Mould-Iddrisi said over the years high social demand for tertiary education had in most cases outstripped expansion in physical infrastructure, constraining capacity in institutions and placing pressure on public resources.
And it is not only tertiary education that faces a funding squeeze. Basic education is also confronting challenges, the minister said. The education strategic plan for 2010-20 projects that primary education will grow by more than Cedis5 billion ($3.26 billion) by 2020.
"This reflects the need to ensure that education facilities are provided in all areas of the country, with the requisite level of quality to develop high quality manpower," Mould-Iddrisu added.

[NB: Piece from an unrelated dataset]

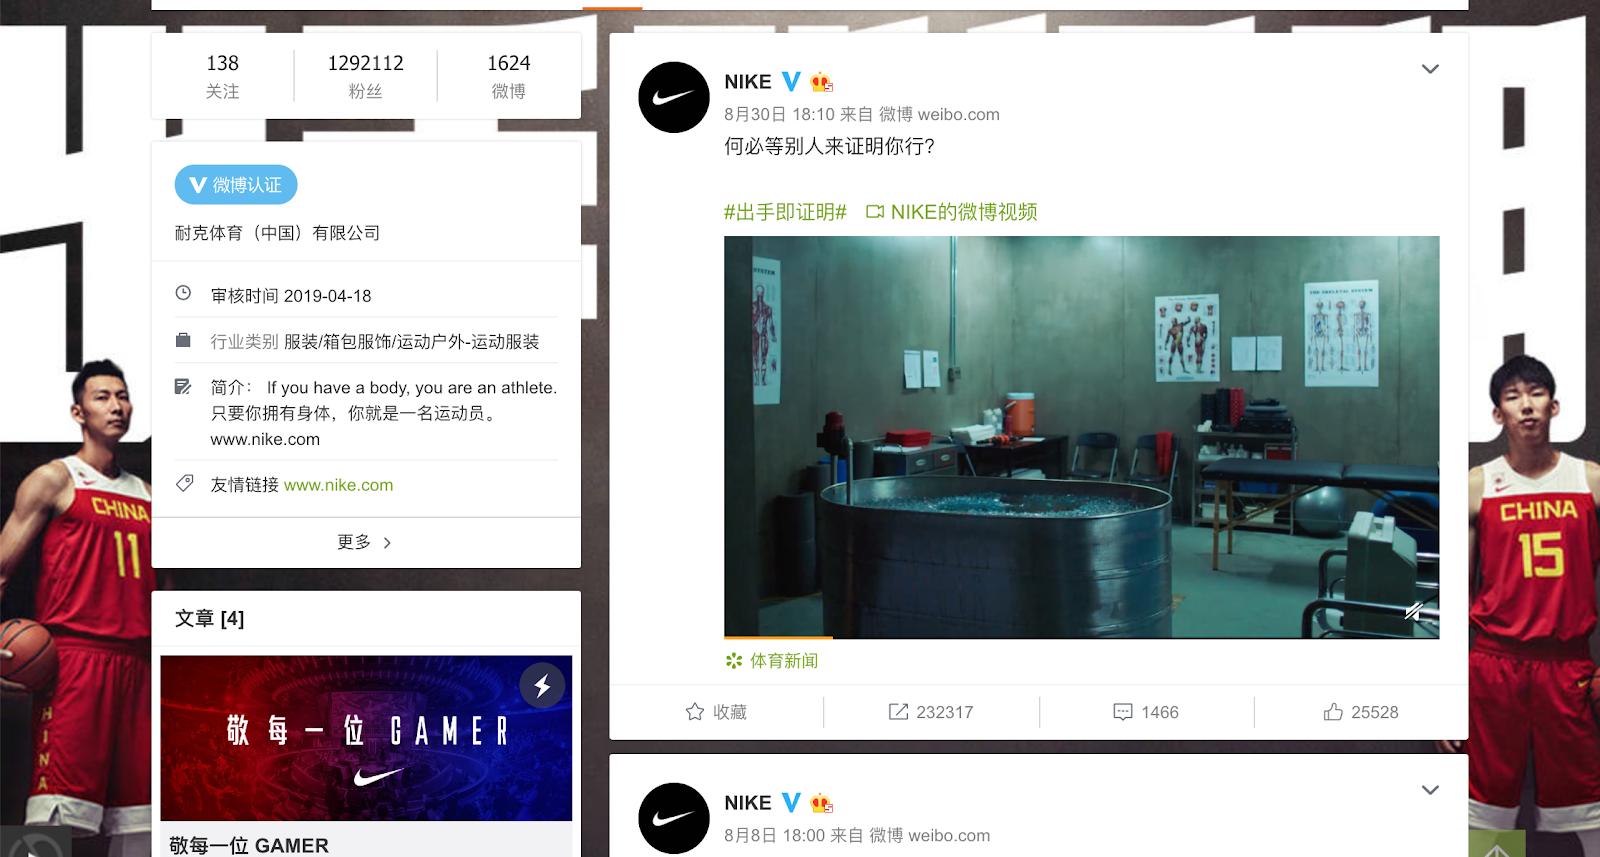 Global Marketing Strategy: Screenshot of Nike

The government had therefore decided to develop different categories of tertiary institutions aimed at broadening the scope of institutional choices within the tertiary sector.
"In addition to universities, government is providing other avenues in the form of polytechnics, and also upgrading teacher training colleges of education," Mould-Iddrisu said. "Every effort is being made to improve the quality of these other avenues of tertiary education to attract qualified students and to spread the cost of higher education."

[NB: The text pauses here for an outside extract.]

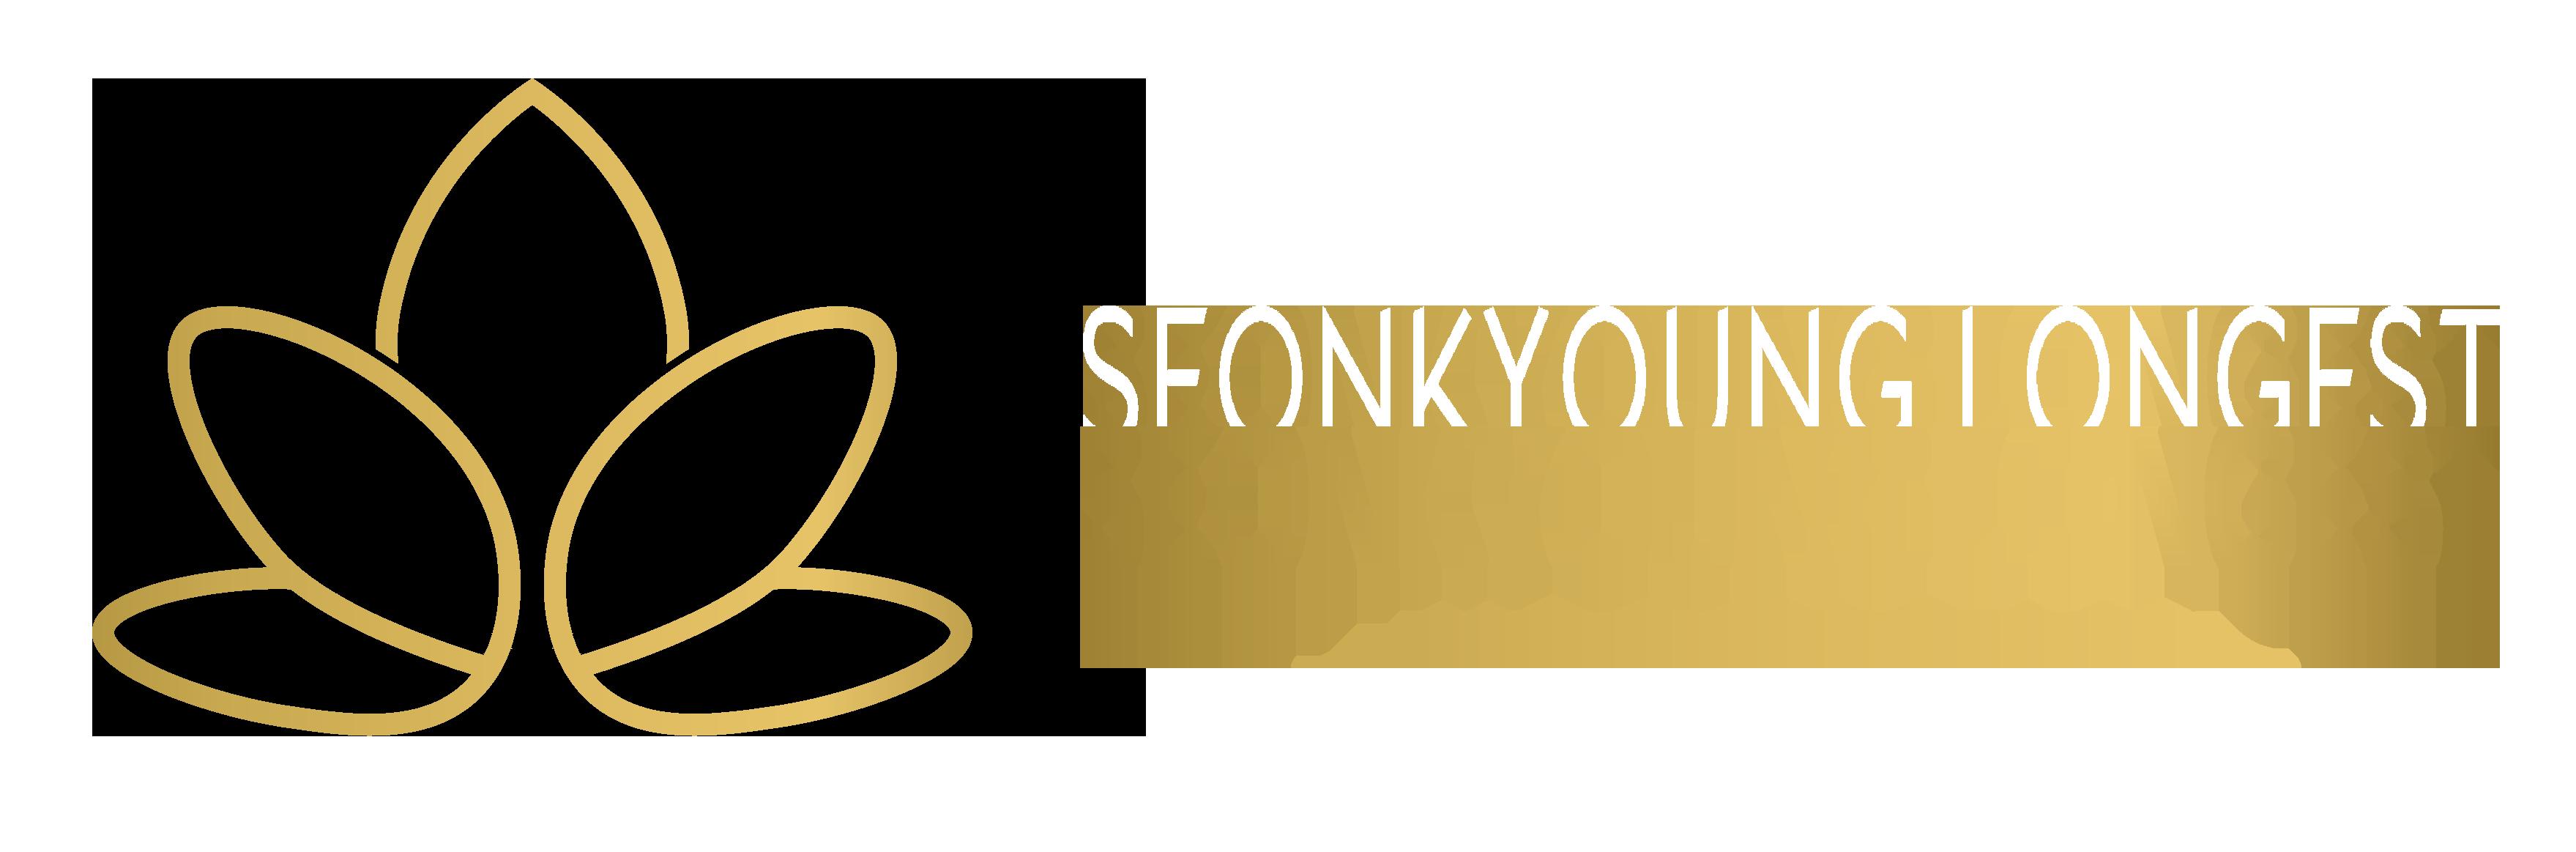 Seonkyoung Longest

She said a draft bill was being considered by parliament, and a concept paper for re-positioning polytechnic education was "receiving serious attention".
On the government's move to increase private sector participation in tertiary education, the minister said there were currently about 55 accredited tertiary institutions in Ghana.
"The evidence is that while some of the private institutions have succeeded in introducing innovations in course design and delivery in response to challenges in the labour market, others have given cause for worry about the quality of education they provide."
Mould-Iddrisu said that even though the government appreciated what private institutions were doing, the National Council for Tertiary Education and National Accreditation Board had been established to among other things regulate their participation in tertiary education.
She said the involvement of the private sector had also generated other issues, such as whether the government should subsidise private tertiary education and what form that should take.
"Already students in accredited tertiary institutions, both public and private, are eligible for loans under the students loan scheme, which is a huge expenditure."
Mould-Iddrisu said tertiary institutions should also consider more linkages with industry. Although there were already some links, collaboration had not been formalised in a systematic way and the potential full benefits had not been fully exploited.